-- Provided data follows --

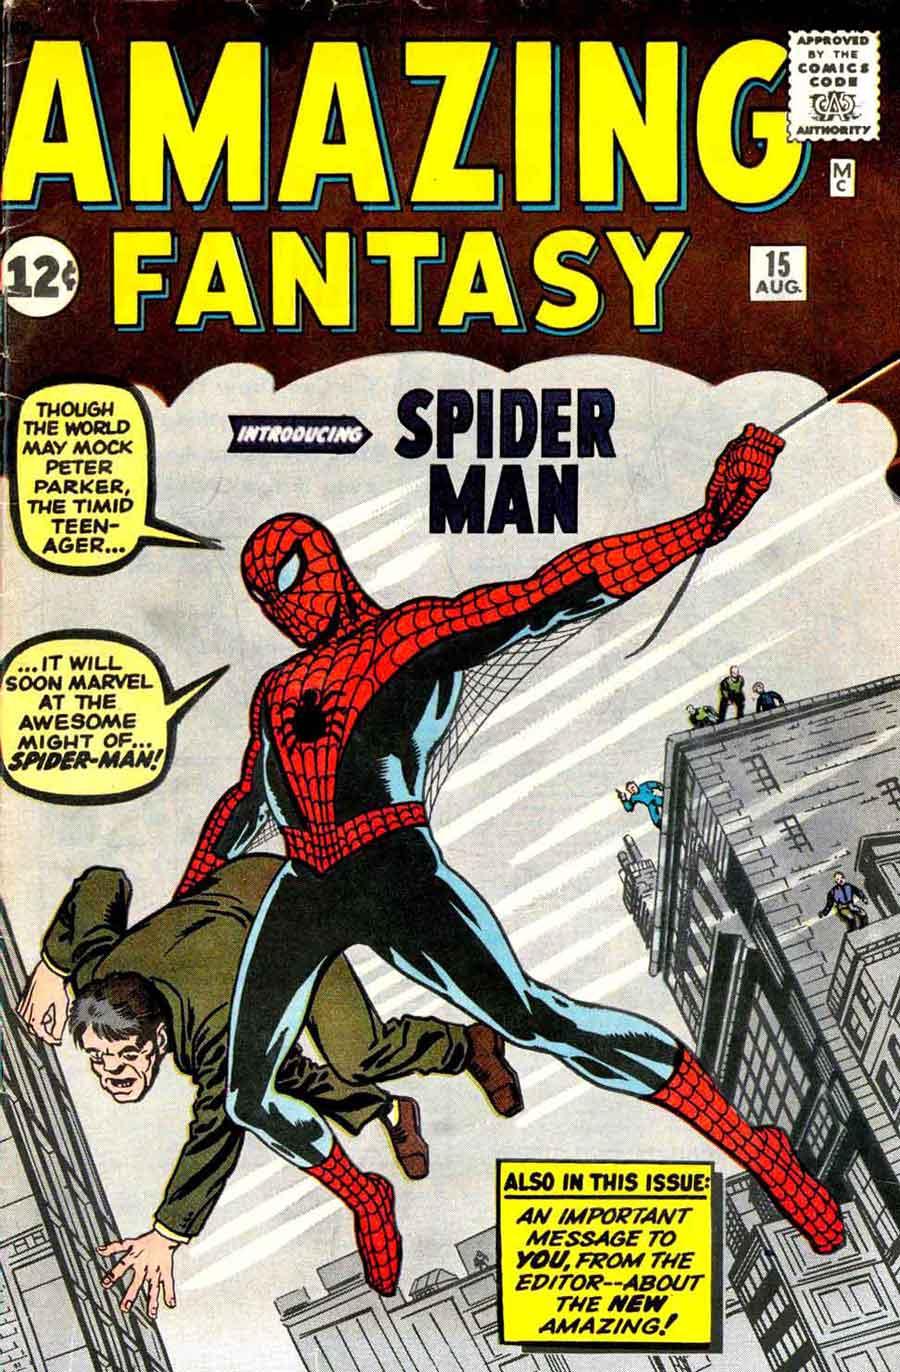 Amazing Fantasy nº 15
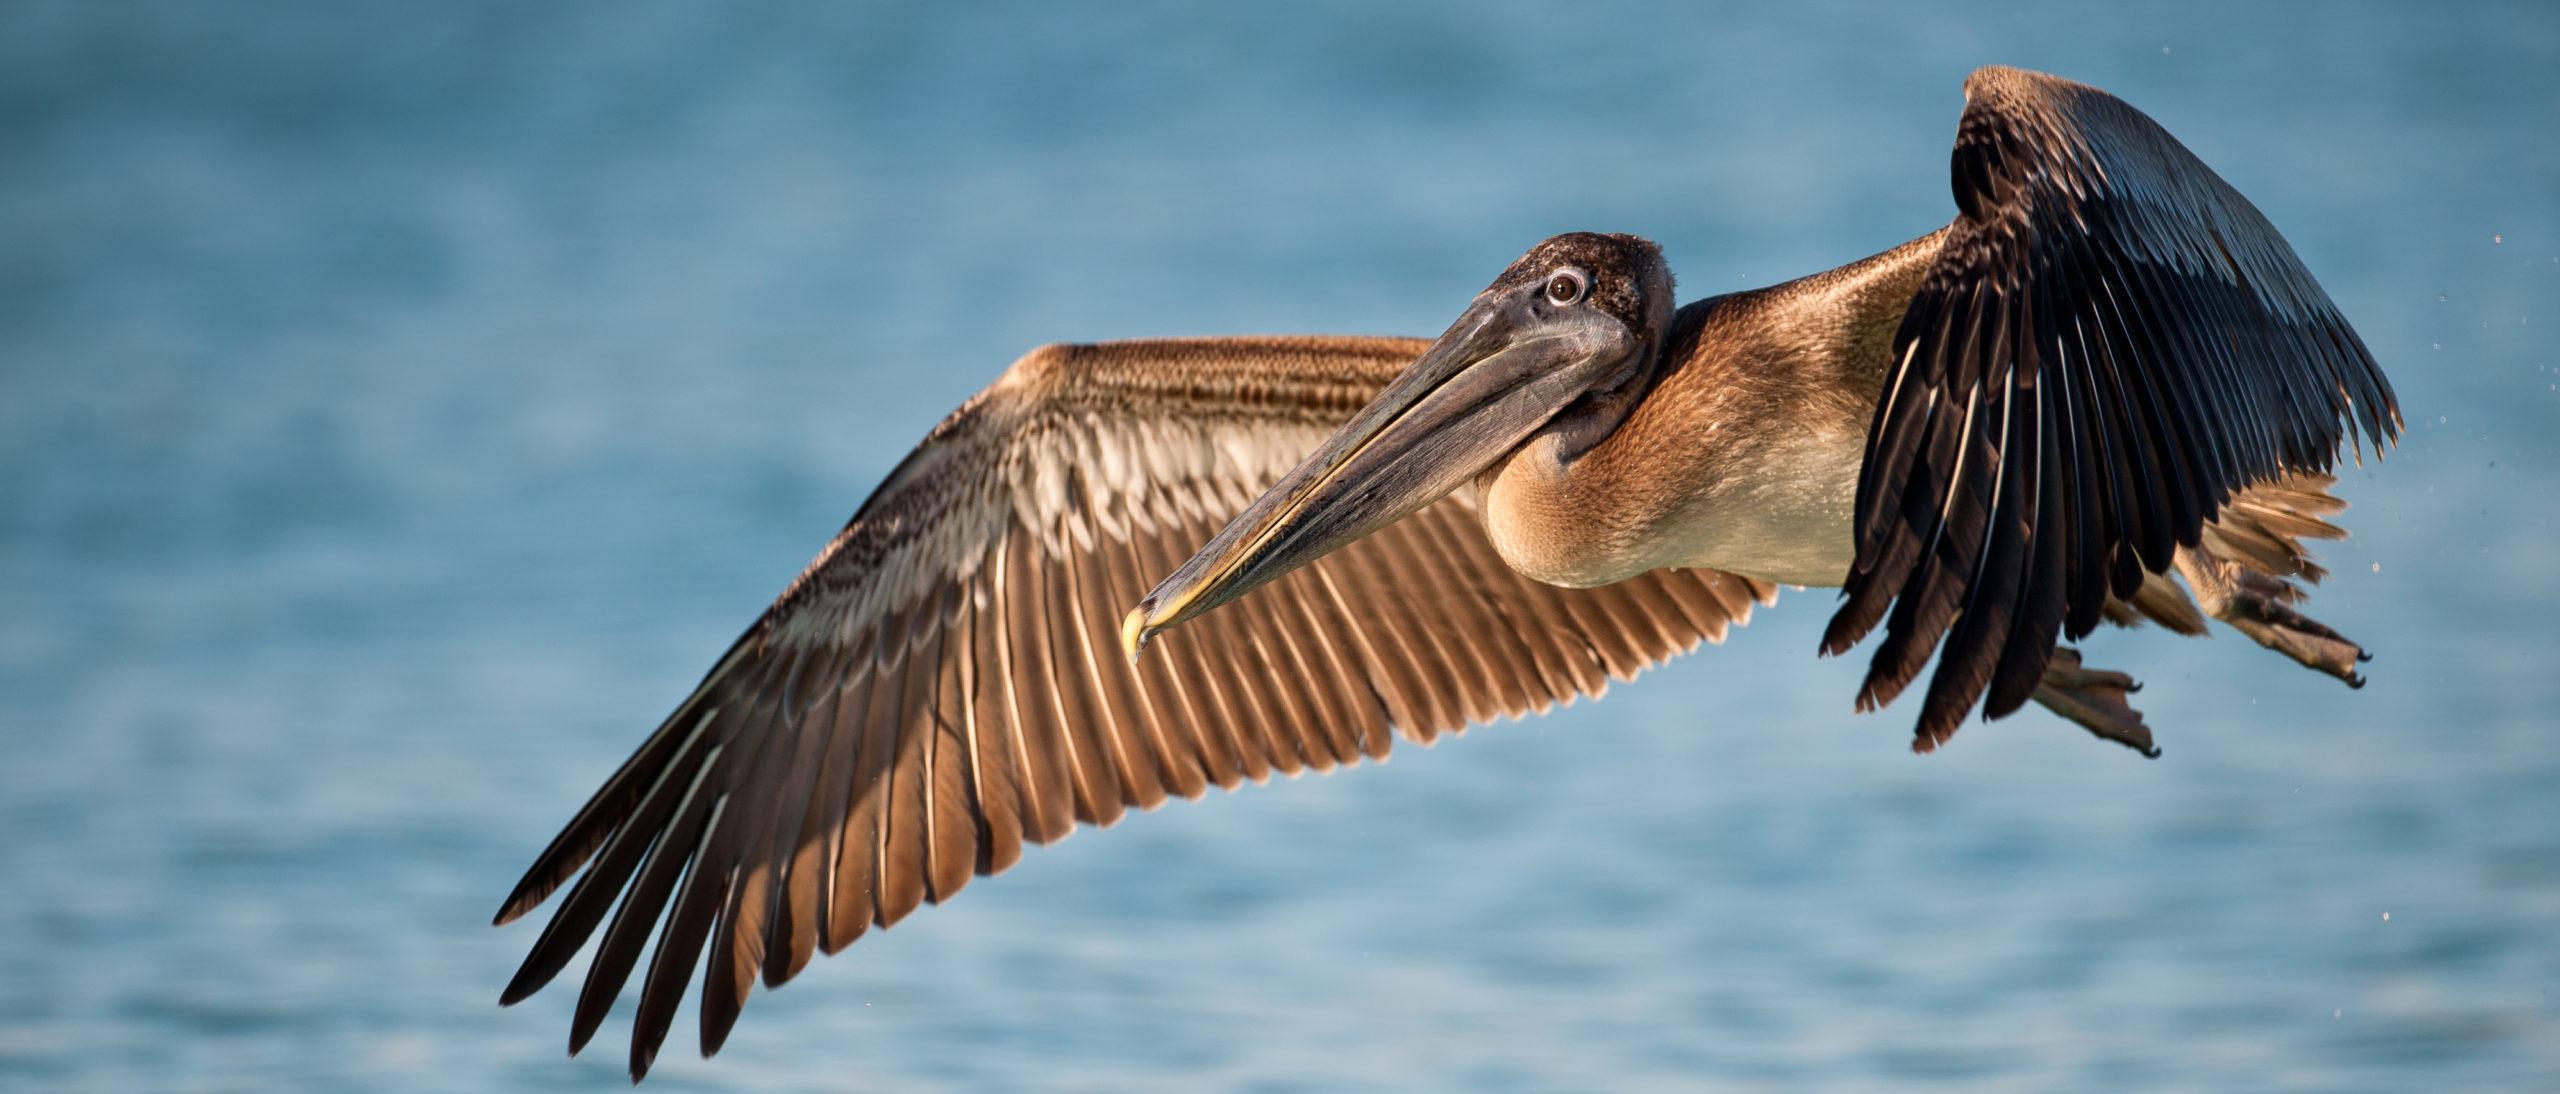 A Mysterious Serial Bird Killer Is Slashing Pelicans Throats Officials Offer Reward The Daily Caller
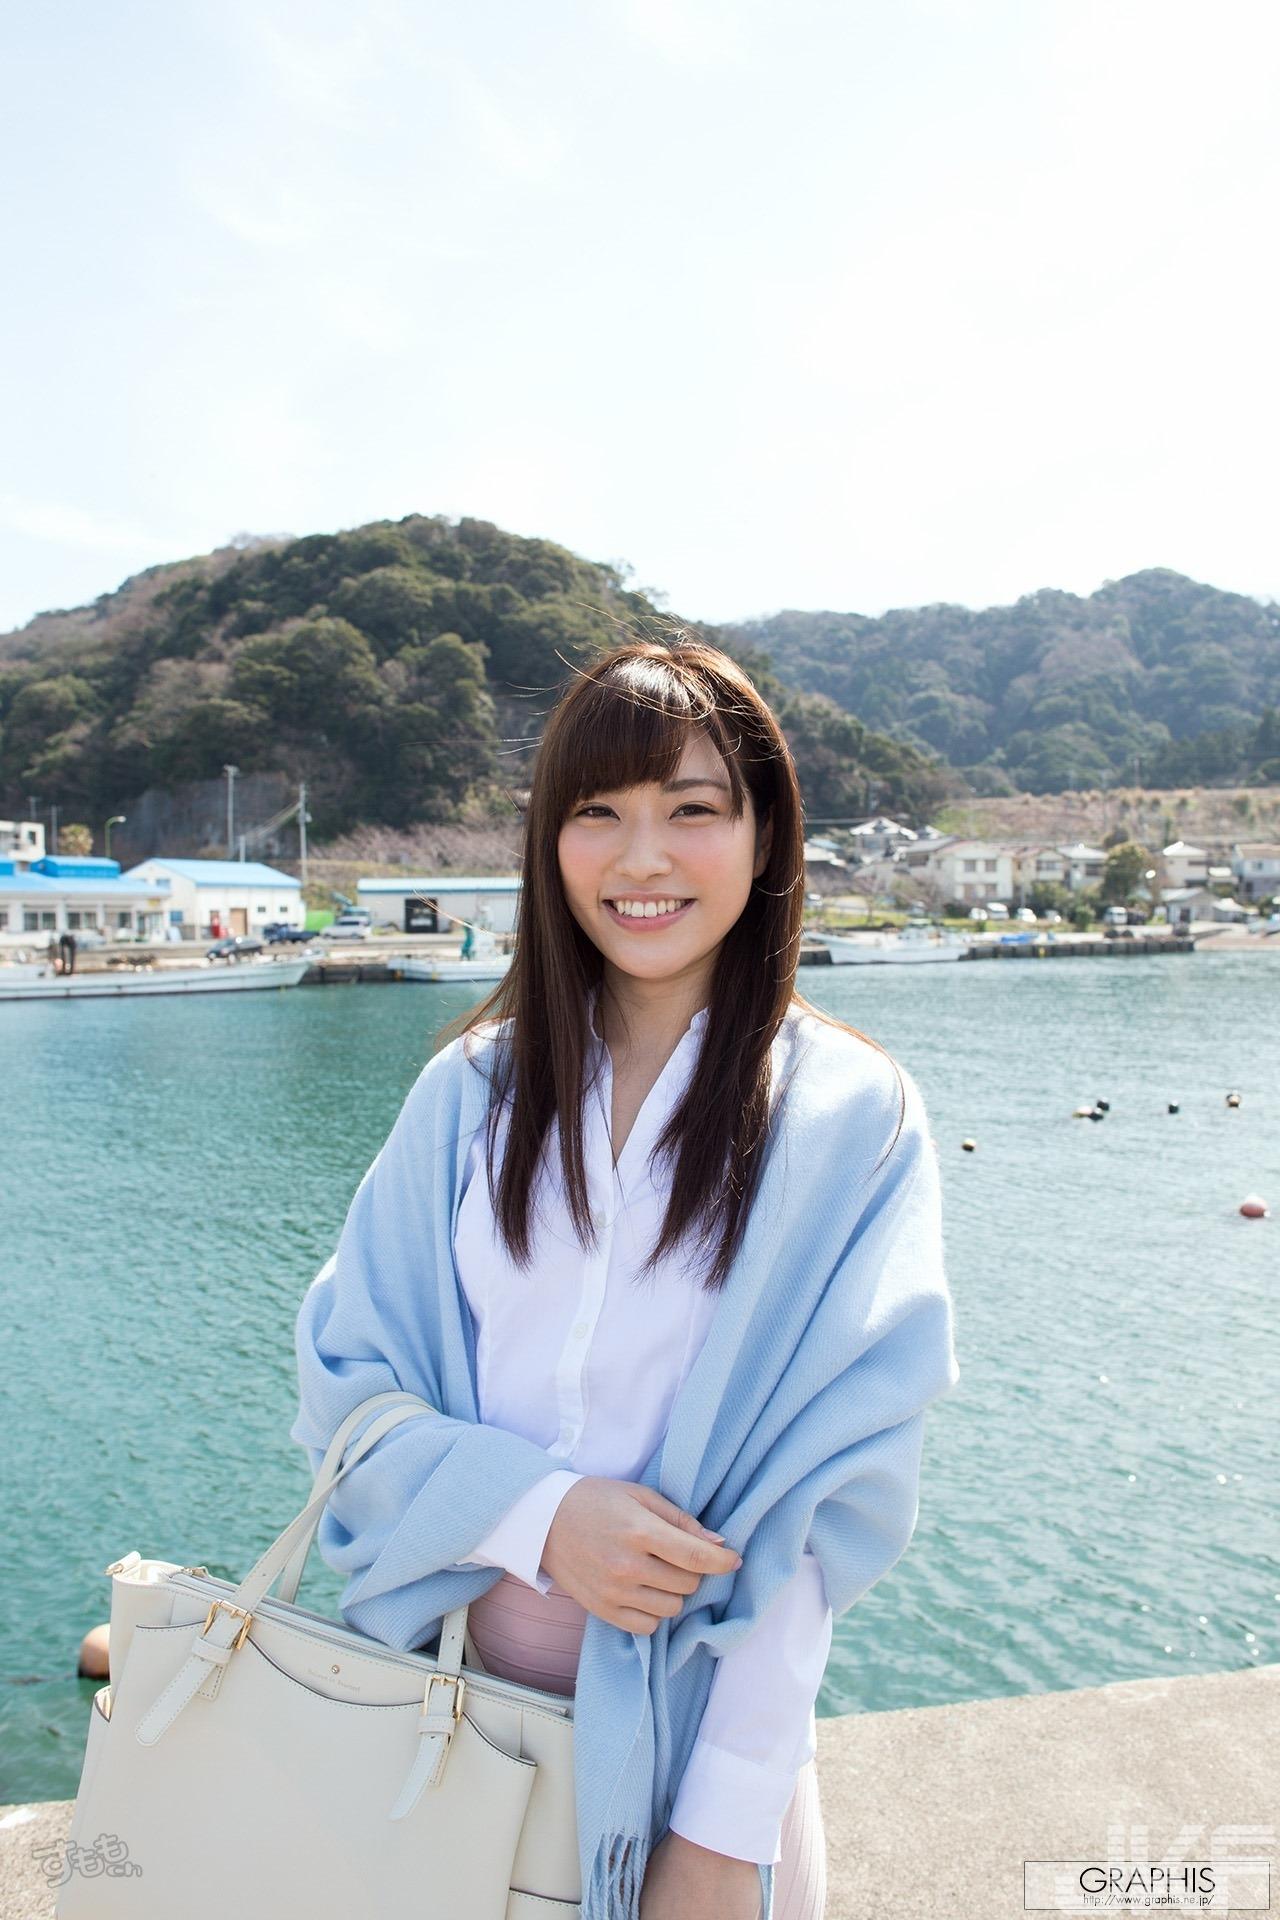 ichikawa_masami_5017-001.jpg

-- Provided data concluded --

• Problem description: Only the words belong in your copy: restate the data above exactly and leave the images out.

• Finished task:
 Amazing Fantasy nº 15
 A Mysterious Serial Bird Killer Is Slashing Pelicans Throats Officials Offer Reward The Daily Caller
 ichikawa_masami_5017-001.jpg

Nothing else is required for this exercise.